By Isaac Cohen*
Figures released by the bipartisan Congressional Budget Office, this week, reveal that spending cuts and increased revenue are drastically reducing the federal budget deficit to the lowest level of the last five years.
So far this year, an increase of 14 percent in revenues, mostly from higher individual income and social security taxes, has made the largest contribution to the reduction in the budget gap. The federal government is also spending less. Compared to the same period in fiscal year 2012, federal spending decreased 4 percent this year, mostly due to the mandatory budget cuts, agreed by both Republicans and Democrats in 2011. For instance, this year, defense spending decreased 7 percent and unemployment benefits fell 24 percent.
In all, for fiscal year 2013 which ends on September 30, the projection is that the federal budget deficit will reach $606 billion, down from $975 billion in 2012, an impressive reduction of almost $370 billion.
These figures on fiscal tightening confirm the Federal Reserve conclusion that fiscal policy is restraining US economic growth.
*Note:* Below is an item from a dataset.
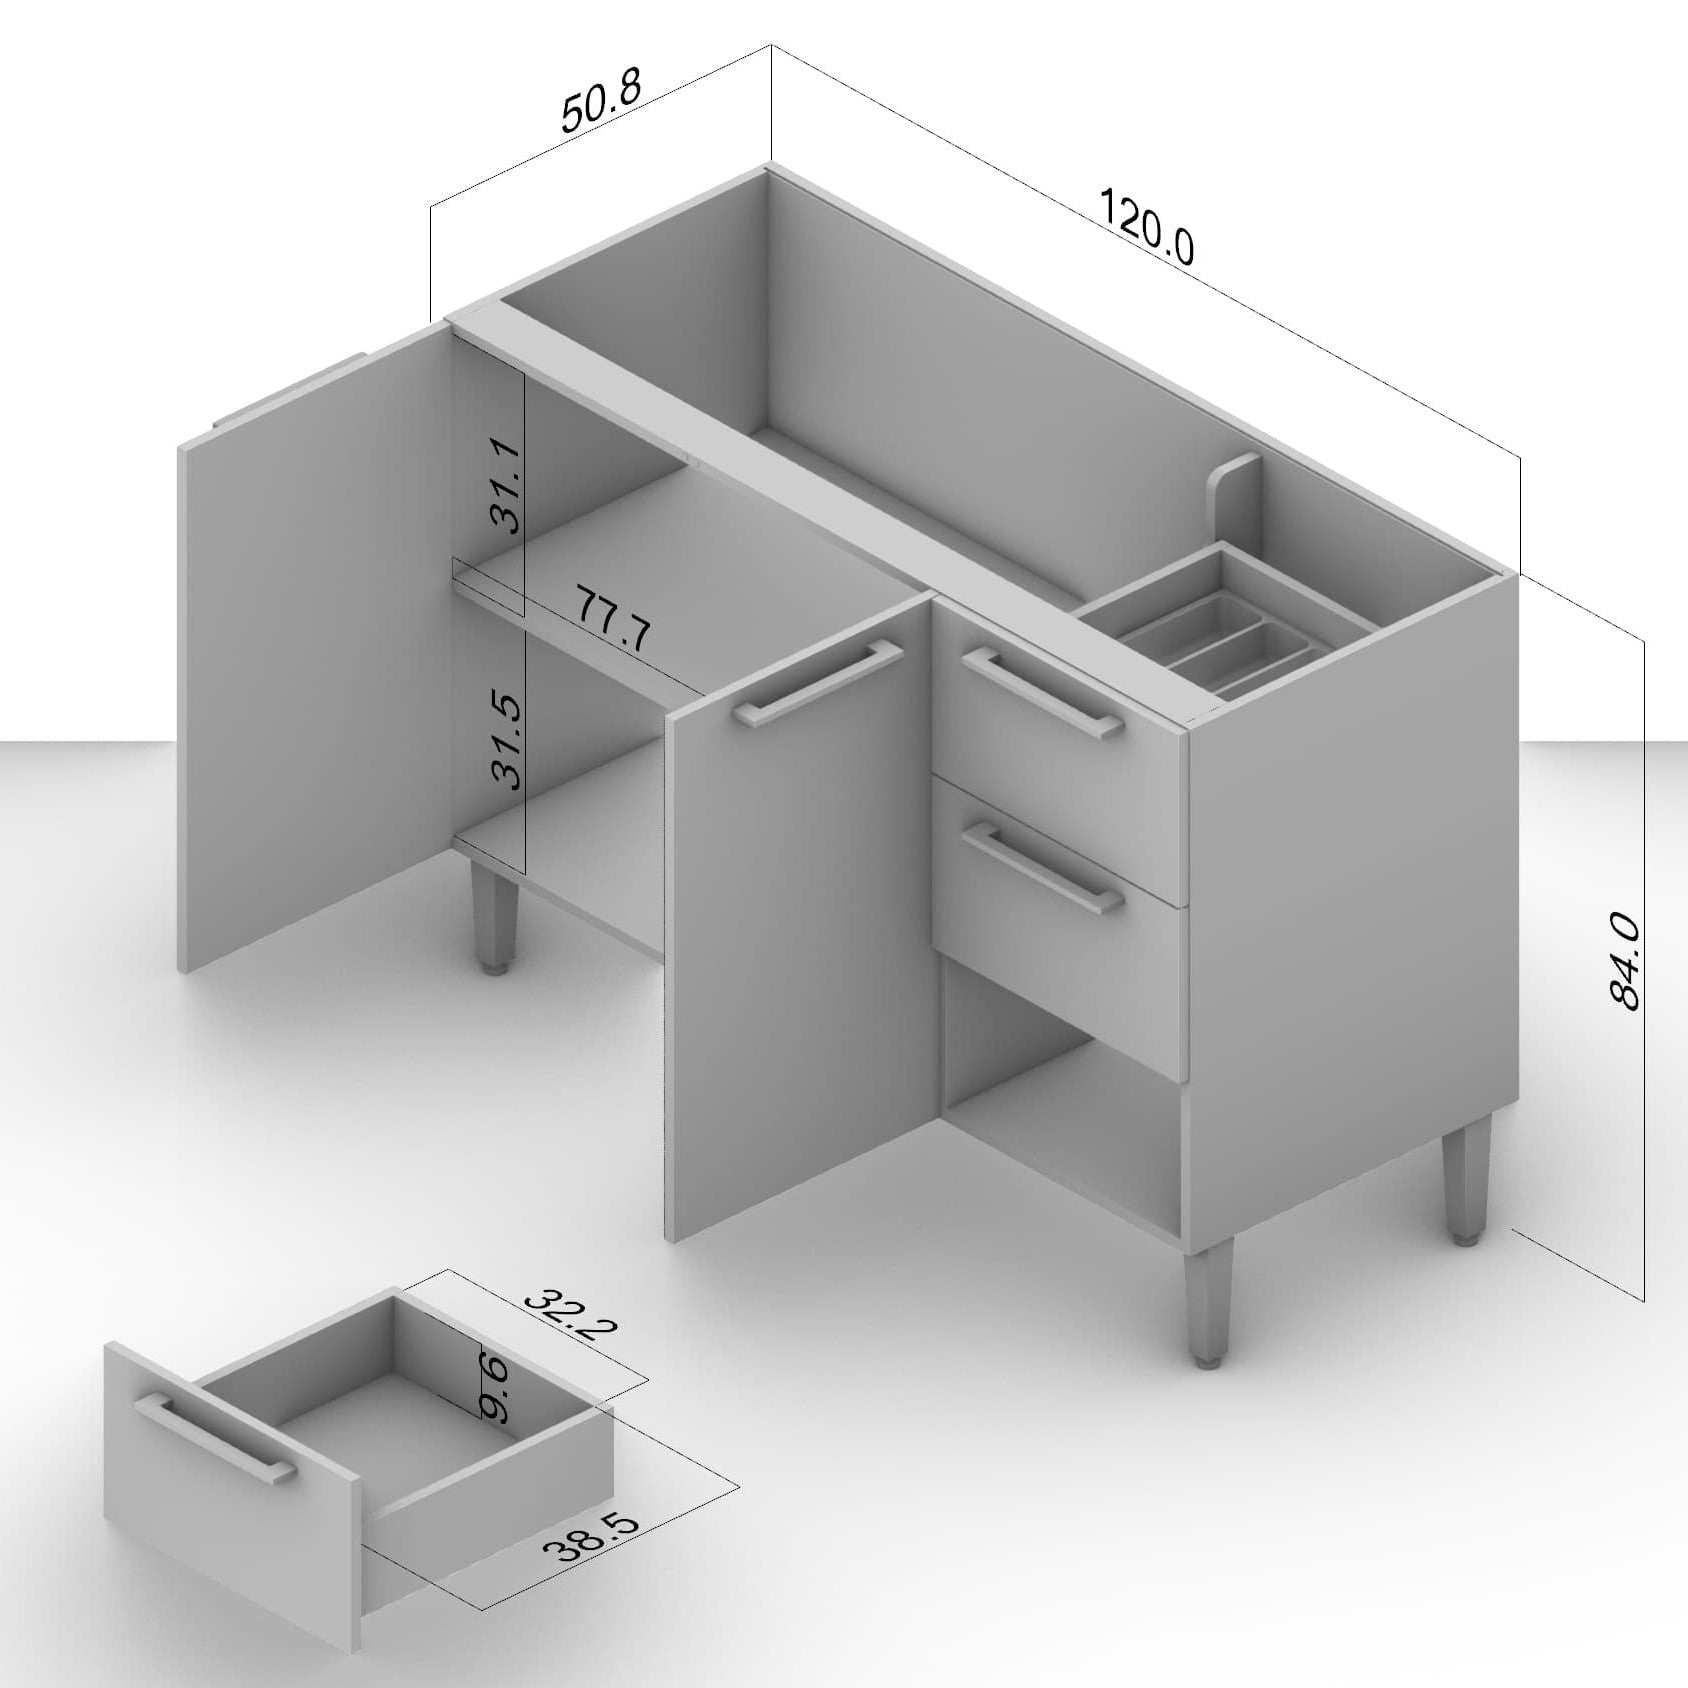 Canelone 3 drawers 2 doors 120cm kitchen floor cupboard (8)

Princeton Professor Alan Blinder estimates that without fiscal restraint, this year, the US economy could grow more vigorously, at close to 4 percent, instead of less than 2 percent projected for this year by the International Monetary Fund.
*International analyst and consultant. Commentator on economic and financial issues for CNN en Español TV and radio. Former Director, UNECLAC Washington Office.